Senioren: Höhere Lebenserwartung könnte künftig mit längerer Lebensarbeitszeit einhergehen

Foto: Oliver Berg/ dpa

Großen Themen nähert man sich am besten in sehr kleinen Schritten - in der deutschen Politik ist das eine beliebte Methode. Aufregung vermeiden, Widerstände minimieren, Politik im Schleichgang. Diese Woche wird das wieder mal zu beobachten sein, wenn der Bundesinnenminister Vertreter des Babyboomer-Jahrgangs 1964 zum "Gedankenaustausch" trifft: Am Dienstag will Thomas de Maizière unter anderen eine Managerin, einen Handwerksmeister und eine Bundespolizistin empfangen. Vermutlich heißen sie Sabine, Stefan und Kerstin, wie man damals eben seine Kinder so nannte. Worüber werden sie reden? Über die Demografie.

Darüber, wie der geburtenstärkste Jahrgang der Nachkriegsgeschichte - knapp 1,4 Millionen Menschen wurden vor 50 Jahren hierzulande geboren - die beginnende Alterung und bevorstehende Schrumpfung der Bevölkerung erlebt. Hübsche Fotos soll es geben, Pressestatements, das Übliche.

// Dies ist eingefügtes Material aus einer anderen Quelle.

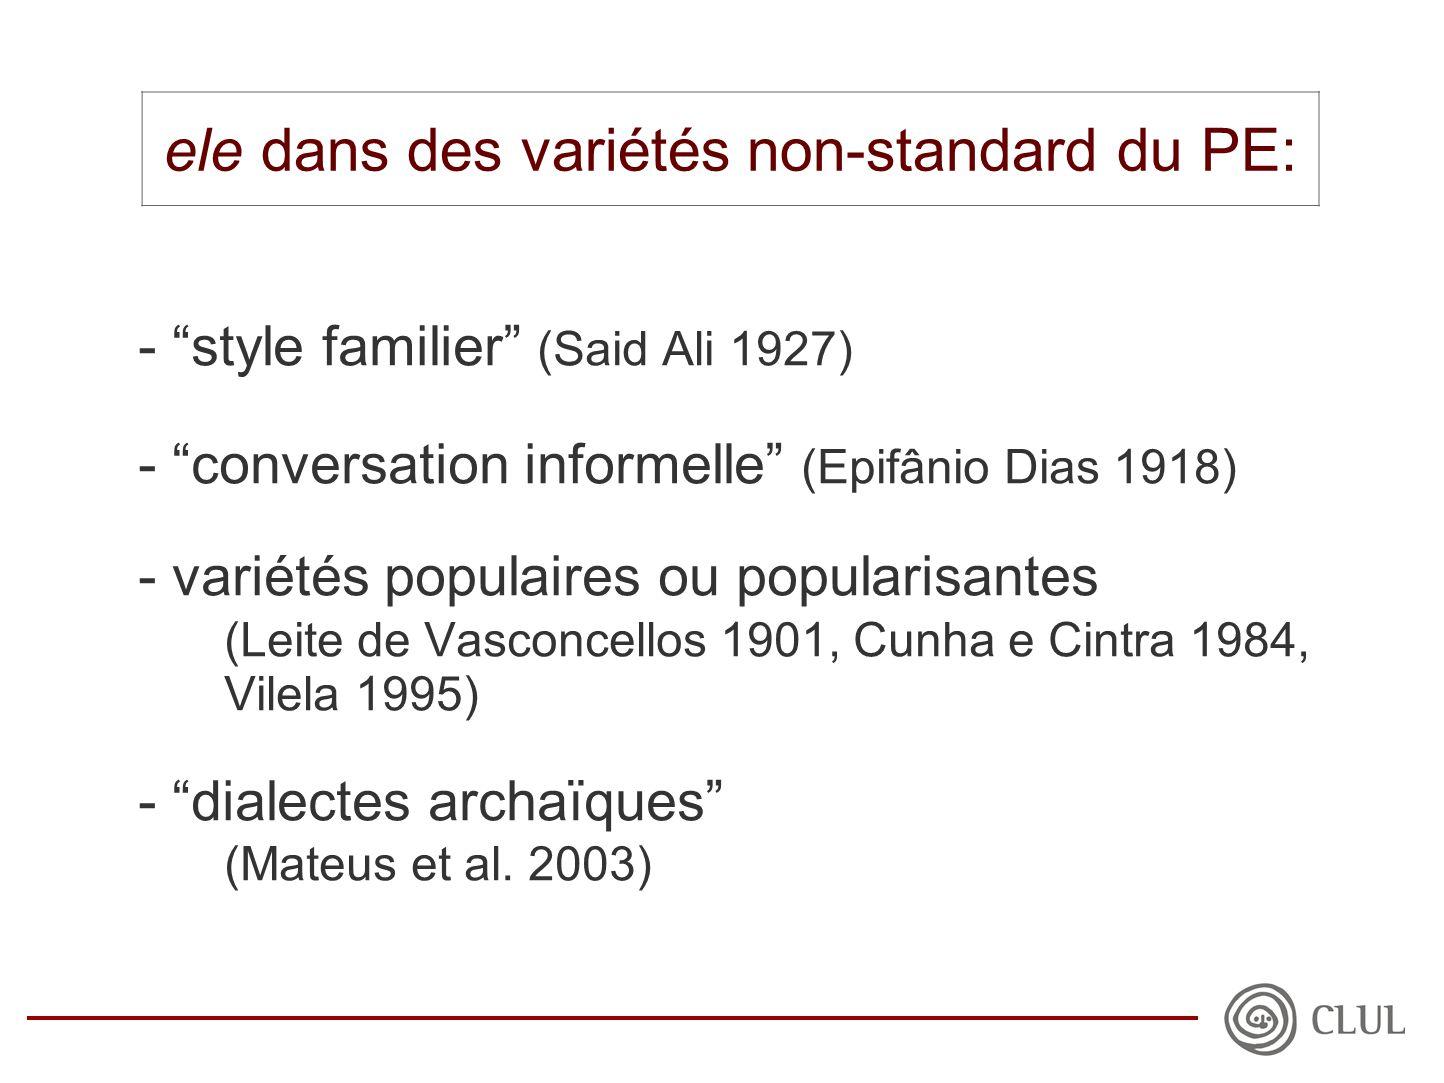 - style familier (Said Ali 1927) - conversation informelle (Epifânio Dias 1918) - variétés populaires ou popularisantes (Leite de Vasconcellos 1901, Cunha e Cintra 1984, Vilela 1995) - dialectes archaïques (Mateus et al.

Das 64er-Event ist Teil der "Demografiestrategie der Bundesregierung", die noch unter Schwarzgelb gestartet wurde mit dem erklärten Ziel, "jedem Einzelnen entsprechend seiner Lebenssituation und seines Alters Chancen zu eröffnen, seine Potenziale und Fähigkeiten zu entwickeln und seine Vorstellungen vom Leben zu verwirklichen".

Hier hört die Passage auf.